The transition isn’t necessarily comfortable, but the outcome is worth it. It’s wonderful for us to have a rich Europe or a rich Japan as trading partners. We love it. A rich China and a rich India will be the same. And this is how we get there.
It’s this kind of phrase that makes me clench. What exactly is “the transition” that Baltimore, or Cleveland, or Peoria is going through? Other than the transition from “vibrant middle class centers of industry” to “permanently poor, wasted shells of cities where Hope comes to die.” What’s at the other end of the transition? “Not necessarily comfortable”? Really?
But that aside, doesn’t the term “trading partner” assume that we’re, ya know, actually trading something? If all we’re trading is wealth for goods, and we’re doing it almost entirely on credit, it sure seems like this is unsustainable, and will shortly ruin us.
Again, I do appreciate the effort to educate someone who must seem like a hopelessly nativist luddite, I hope this isn’t too tedious.
August 26th, 2008 at 5:16 pm
We trade quite a bit. Exports are currently the only thing keeping us out of recession.
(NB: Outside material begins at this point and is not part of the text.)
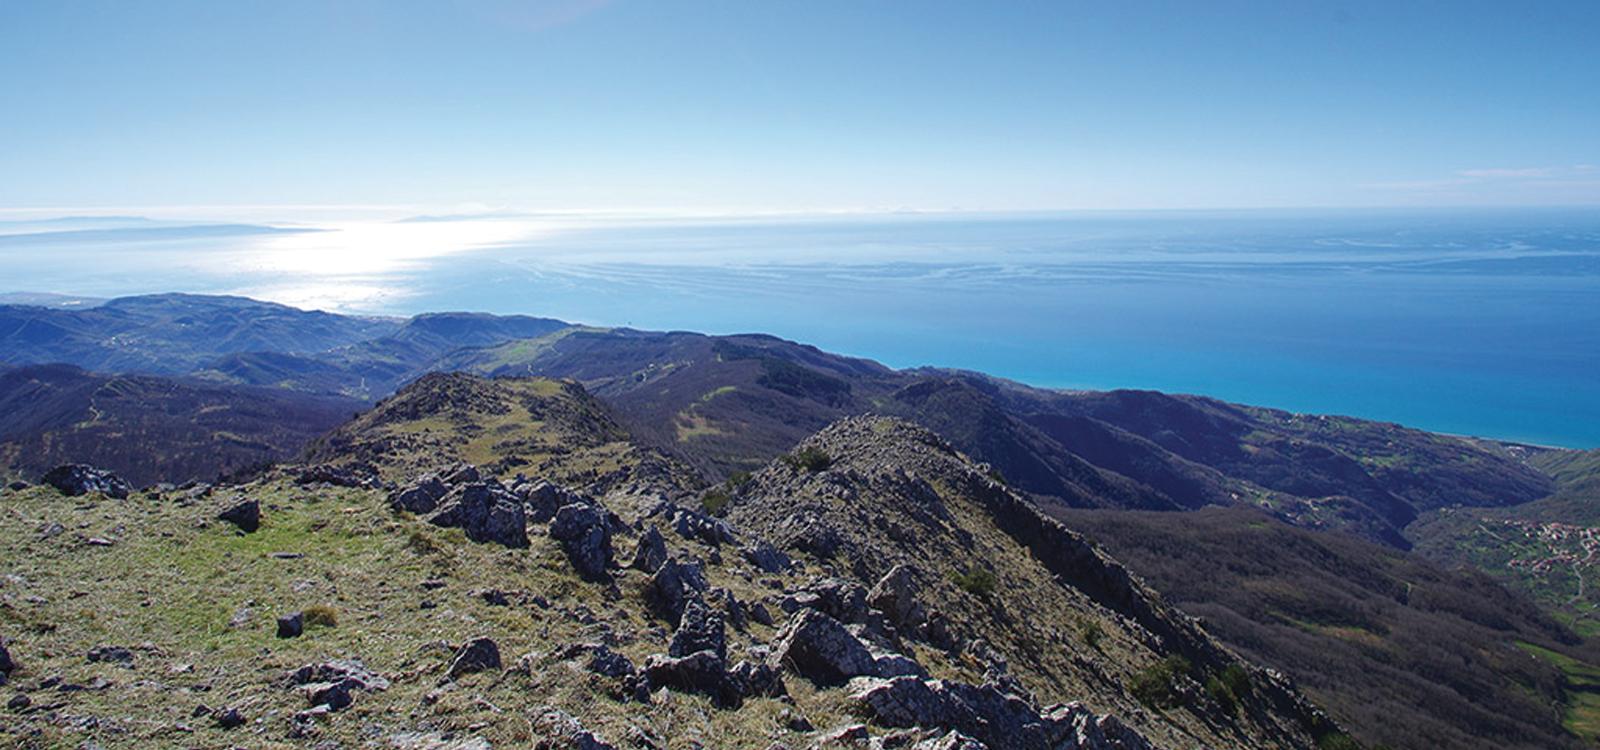 Un luogo unico e incantevole a 1540 metri sul livello del mare

Just as you can’t get an accurate picture by only focusing on the positive, you can’t get an accurate picture by only focusing on the negative. Absolutely, Flint is ugly. A lot of other places aren’t. And a lot of places are ugly for reasons that have nothing to do with trade. We shouldn’t point to Flint and say trade is bad, and pretend like everything else in the country doesn’t exist. My hometown, of Raleigh, North Carolina, has performed marvelously in recent decades, generating broad-based economic growth with much of a manufacturing component, in industries that rely heavily on foreign markets. The key is to identify the differences between Raleigh and Flint, learn from them, and invest appropriately.
I strongly suspect that quite a few people in Cleveland and Baltimore would clench their teeth if you told them their cities were hopeless shells. They are not. In many ways, their futures look brighter than they have in years.
Without trade the world is a much different, much worse place. Trade generated the wealth we have today. Some people may argue that it hasn’t been worth it, but Human Development statistics argue otherwise.
There are some very good books on the subject out there. You might try Paul Krugman’s Pop Internationalism, for instance.